Electronic Regulation of Pt Single-Atom Catalysts via Local Coordination State Adjustment for Enhanced Photocatalytic Performance

Single-atom catalysts (SACs) are deemed as the ultimate ceiling route to release the full potential of metal utilization efficiency, while the tougher challenge is to optimize the microstructure for motivating the photocatalytic activity to move forward. Here, Pt SACs with Pt–C2N and Pt–N2 configurations are synthesized by regulating the N vacancy level of ultrathin g-C3N4 (UCN). The distinctive configuration of Pt–C2N and Pt–N2 has been confirmed by X-ray absorption fine spectroscopy. Surprisingly, Pt–C2N displays a satisfactory H2 evolution performance of 112.5 μmol h–1, which is higher than that of Pt–N2 (78.6 μmol h–1).

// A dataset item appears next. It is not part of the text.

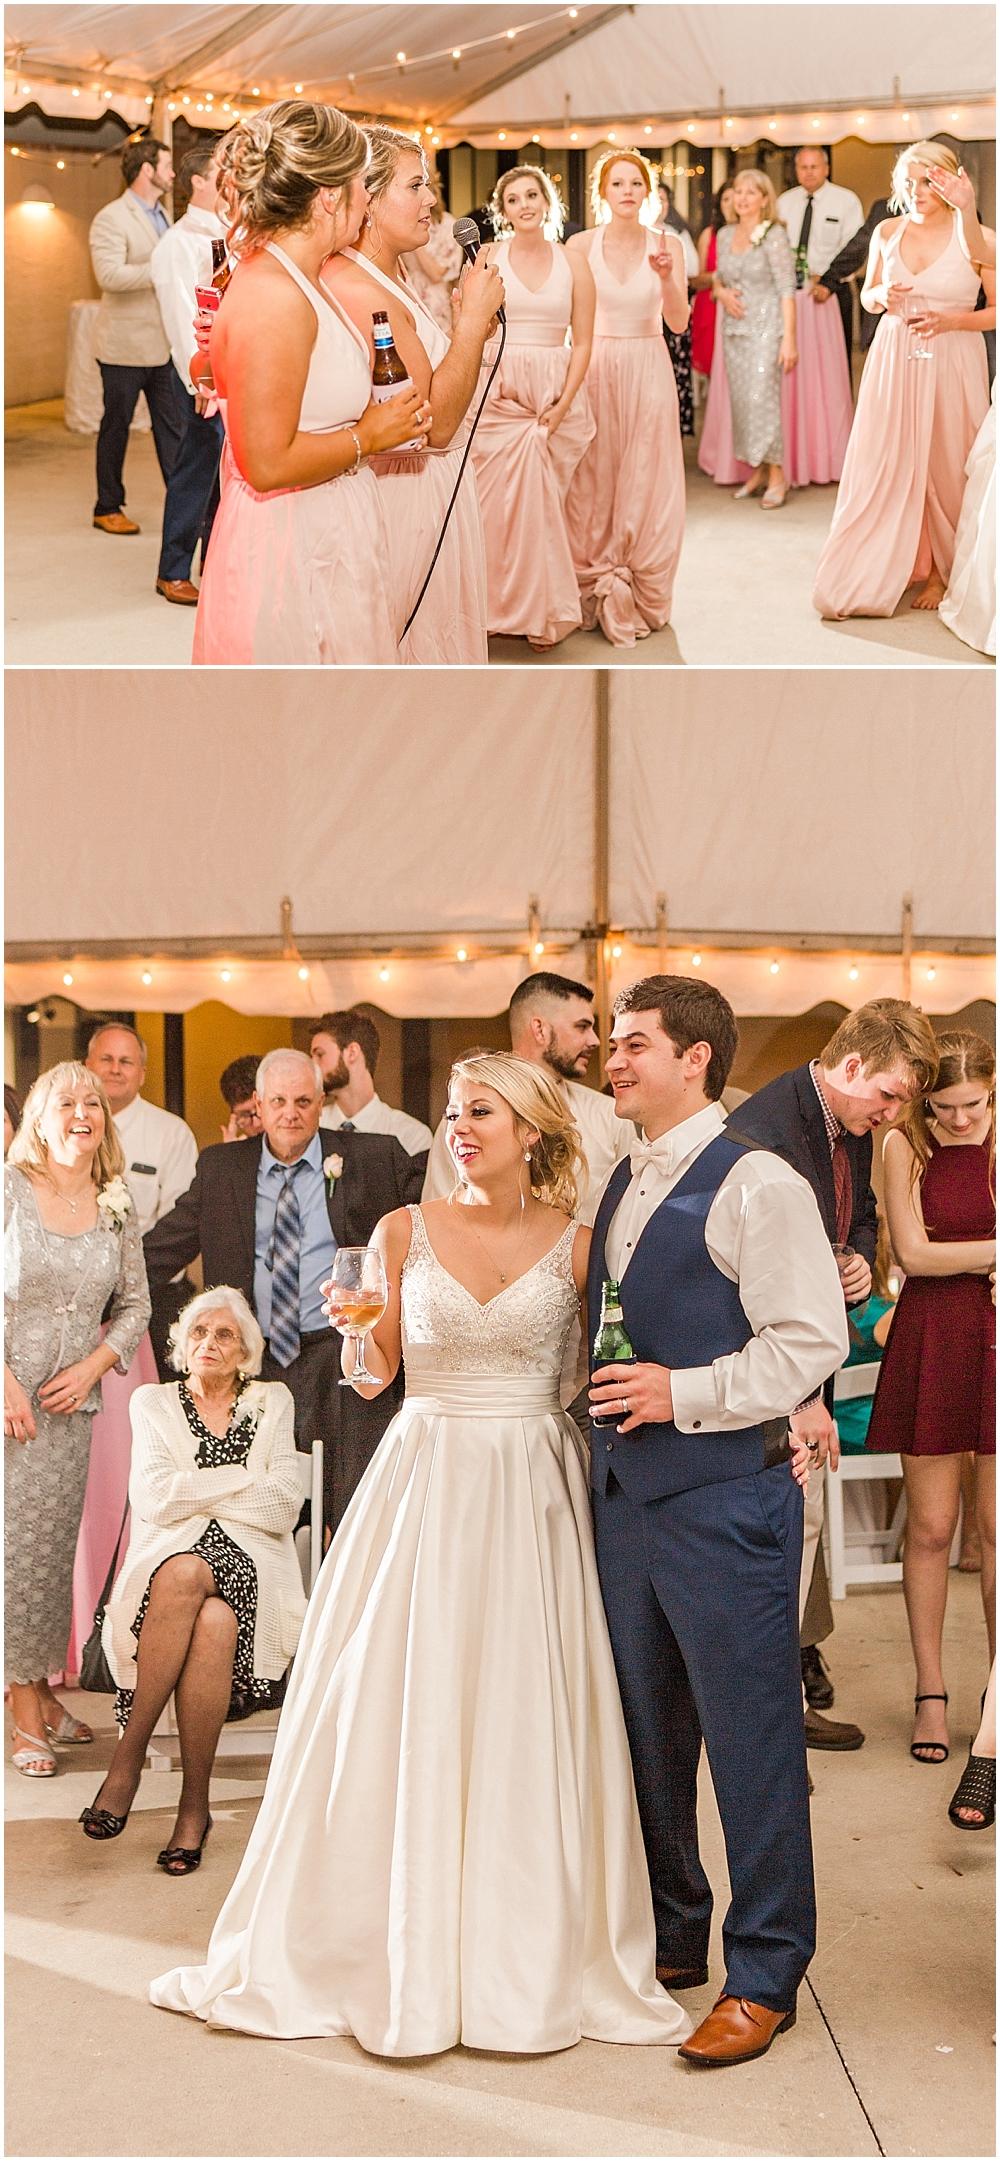 Ashton-Clark-Photography-Wedding-Portrait-Family-Photographer-Mobile-Alabama_0376.jpg

The underlying origins of the discrepancy are investigated by density functional theory (DFT) calculations, which detect that Pt atoms are apt to absorb on C2C to construct strong metal–support interactions. Particularly, owing to the reduced H* desorption energy and a short carrier delivery channel for Pt–C2N, H+ could readily couple with abundant electrons during the hydrogen evolution reaction (HER). Our work points out the future directions for the enhancement of photocatalytic performance by regulating the geometric and electronic structures.